Detecting Worker’s Comp Claims Fraud Through Technology

The struggling economy has hit insurers hard and has taken its toll in particular on the workers’ compensation system. In addition to premium abuses by employers, claims fraud and abuse by workers and service providers have produced significant losses. As a result, insurers are constantly seeking new understandings that will allow them to gain a competitive advantage, reduce costs and improve risk management. While there are numerous opportunities to improve processes using traditional business intelligence, new automated core systems are driving a shift particularly in worker’s compensation claims to focus on advanced analytics.

Number of Comp Claims Decrease While Questionable Claims Rise
The National Insurance Crime Bureau (NICB) reported that workers compensation claims that were reported from January 1, 2011, through June 30, 2013 were on the decline. In 2011, 3,349,925 workers’ compensation claims were found in the Insurance Services Office (ISO) Claim Search database. That number decreased to 3,244,679 in 2012, and is likely to decrease further in 2013 – only 1,498,725 claims were received in the first half of this year.

At the same time the number of Questionable Claims (QC) referred to NCIB for workers compensation was 3,474 in 2011 (3.5% of total QC’s) That number increased to 4,460 in 2012—a 28 percent rise when total workers’ compensation QCs accounted for 3.8 percent of the total.  Through the first half of 2013, 2,325 workers’ compensation QCs have been already referred to NICB (3.7 percent of total QCs).

The three top reasons for a Questionable Claim referral remain unchanged in the three year period as: claimant fraud, a prior injury not related to work and malingering.

Improvements in System Functionality and Predictive Analysis
According to a survey conducted by the Aite Group fraudulent claims in all lines are on the rise over the last three years for insurers, with nearly $80 billion in fraudulent claims made each year in the U.S. alone.

In the past, insurers relied heavily on claims adjusters to manually flag suspected fraud situations.

Advancements in mobile solutions and enterprise content management (ECM) solutions however have help insurers to not only speed claims processing and increase client support, but also to spot patterns in data to better detect fraud.

Latest developments in mobile solutions and ECM solutions helped insurers to speed-up claims processing and increase client support and to spot patterns in data detect fraud.

New Core Claims Systems that contain better data quality including detailed text descriptions are able to provide more sophisticated and more automated predictive analytical solutions to help identify potential fraud situations more frequently and with greater accuracy. The shift in focus is no small wonder since Increasing the rate of claims fraud detection, can impact insurance bottom line profitability by as much as 3% to 5%.

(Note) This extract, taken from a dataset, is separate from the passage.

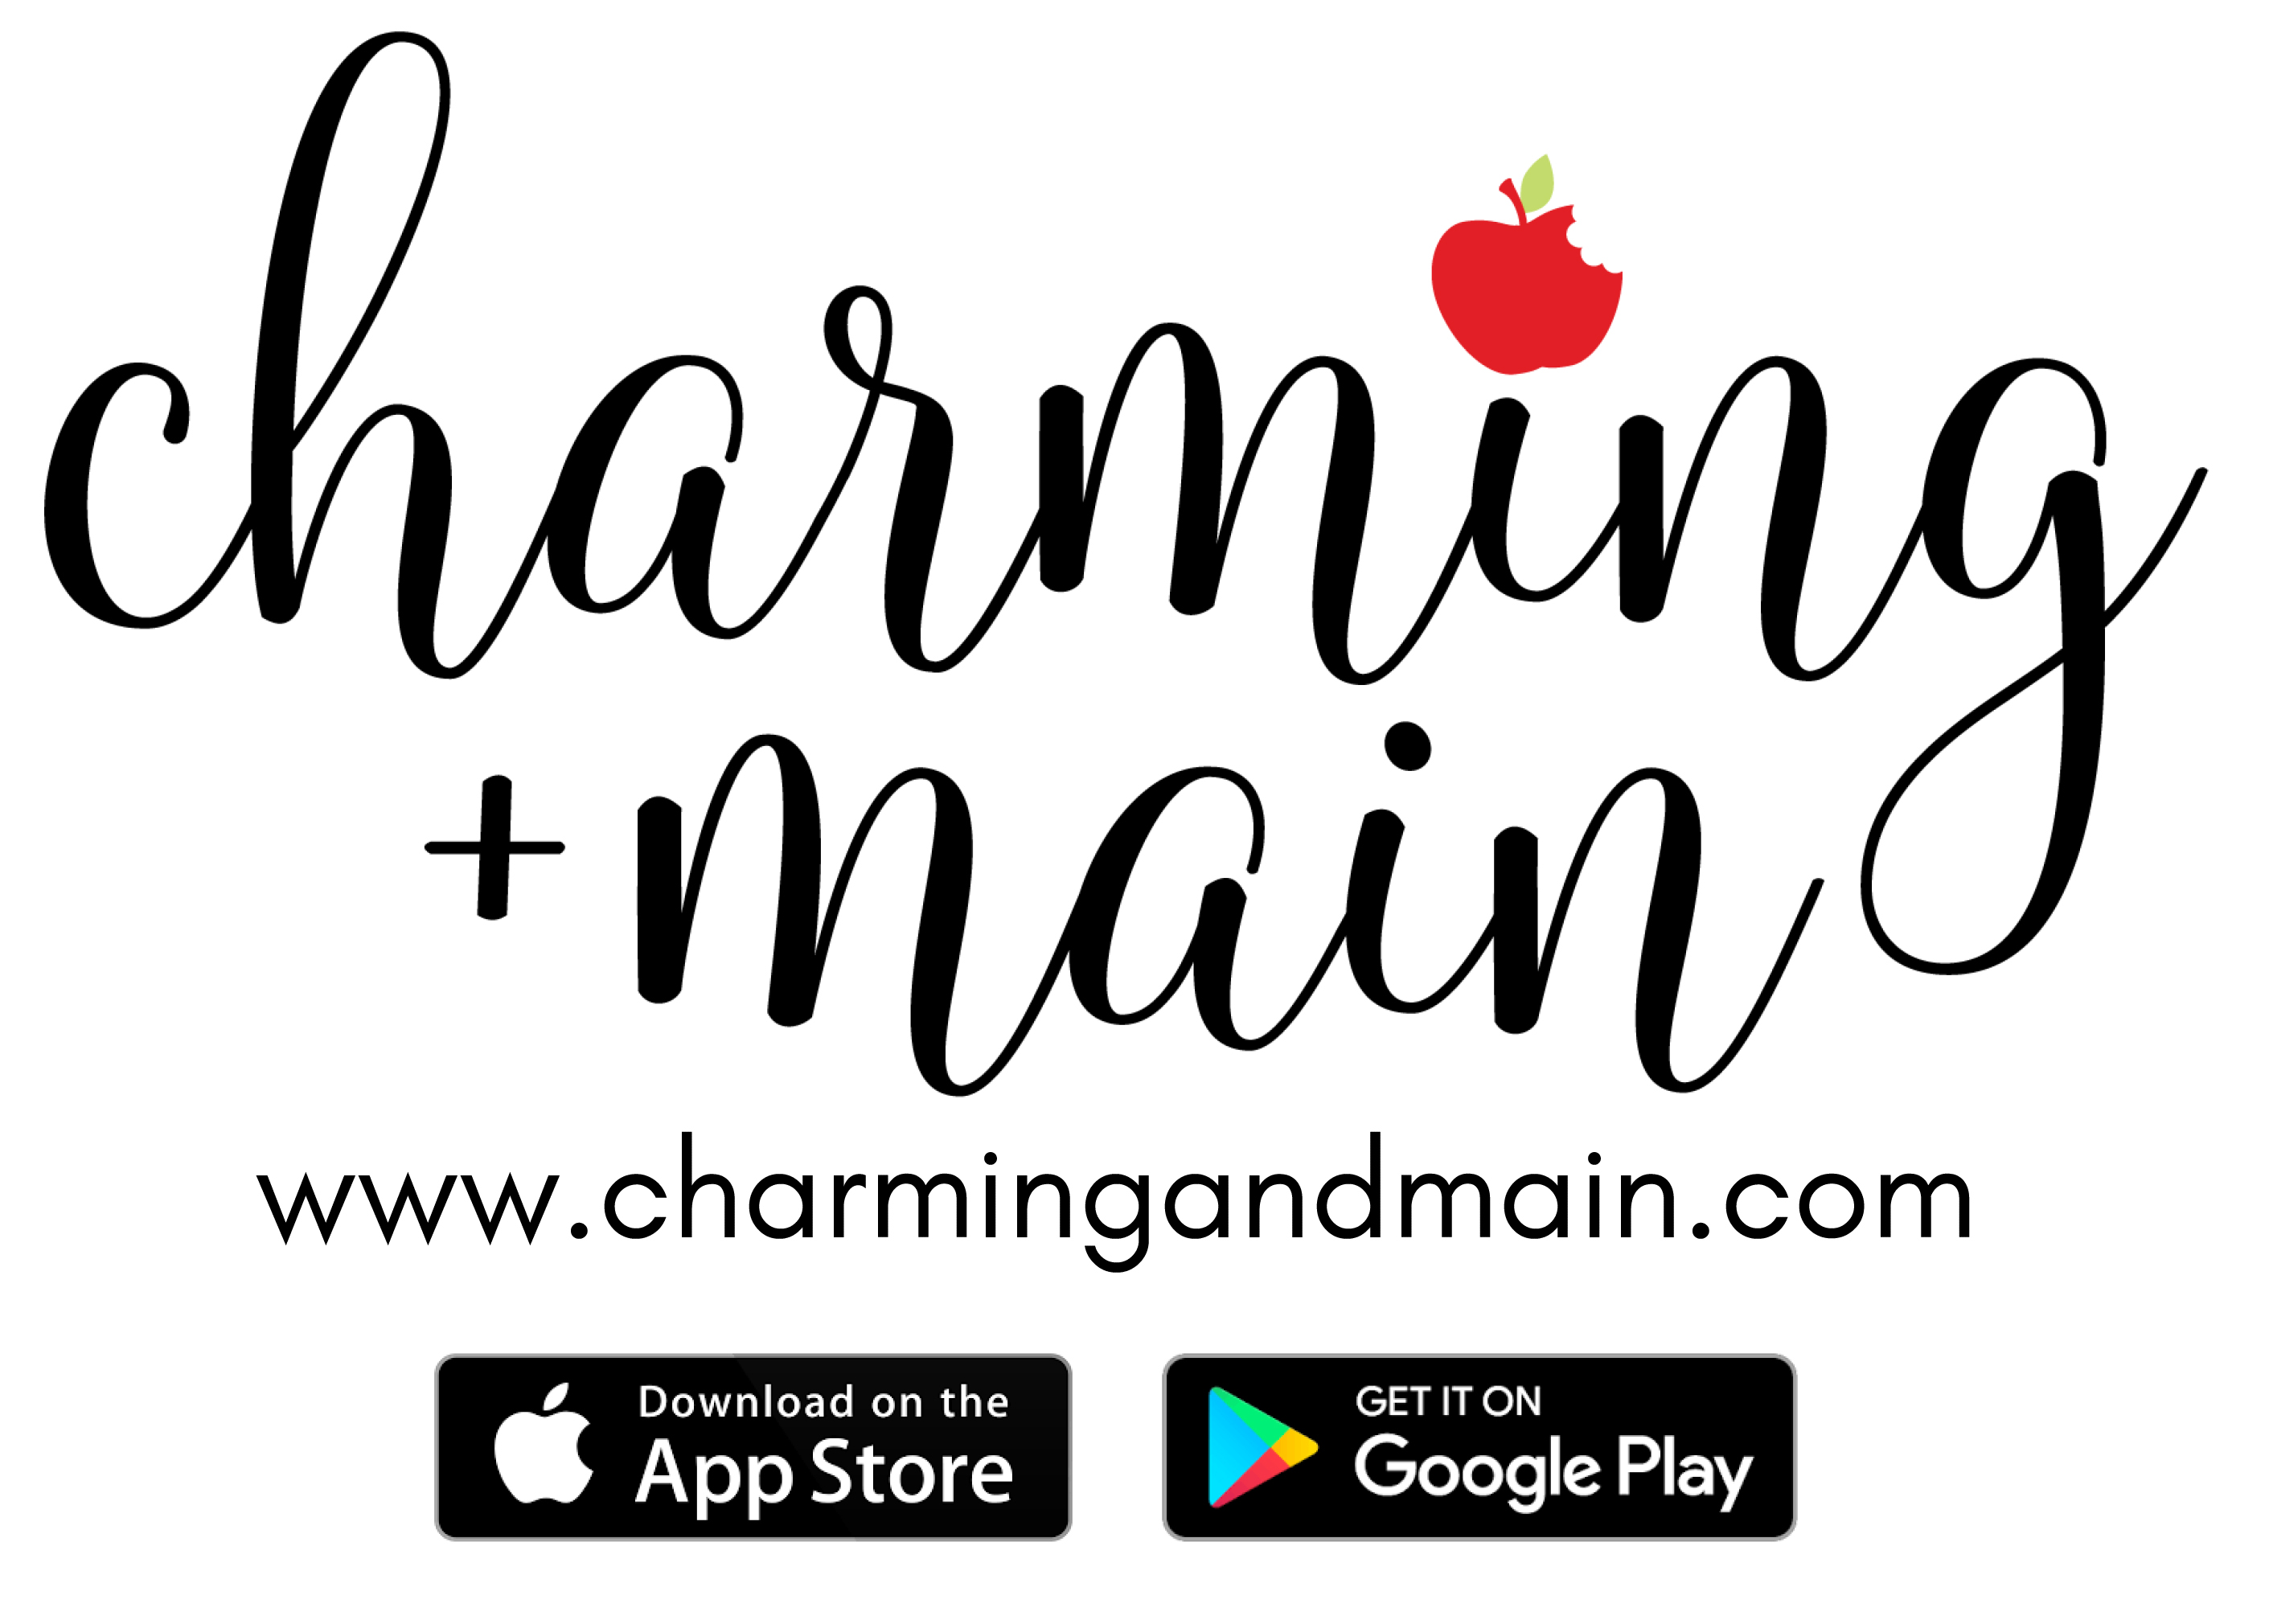 Charming + Main

The use of industry shared database to leverage claims history can be invaluable in detecting fraud. A thorough analysis of prior claim activity can uncover questionable patterns of behavior including preexistent injuries. The industry claims database has swelled from 147 million claims in 1998 to more than 680 million claims today —a growth of 362 percent. Advanced analytic techniques, such as social network analysis, regression analysis, and text mining, can scrutinize large numbers of claims and their attributes at record speed. Claims systems today can examine huge amounts of data, transform the data into strategic insight, score claim characteristics and identify red flags and patterns of claims. Advanced analytics delivers the power to improve.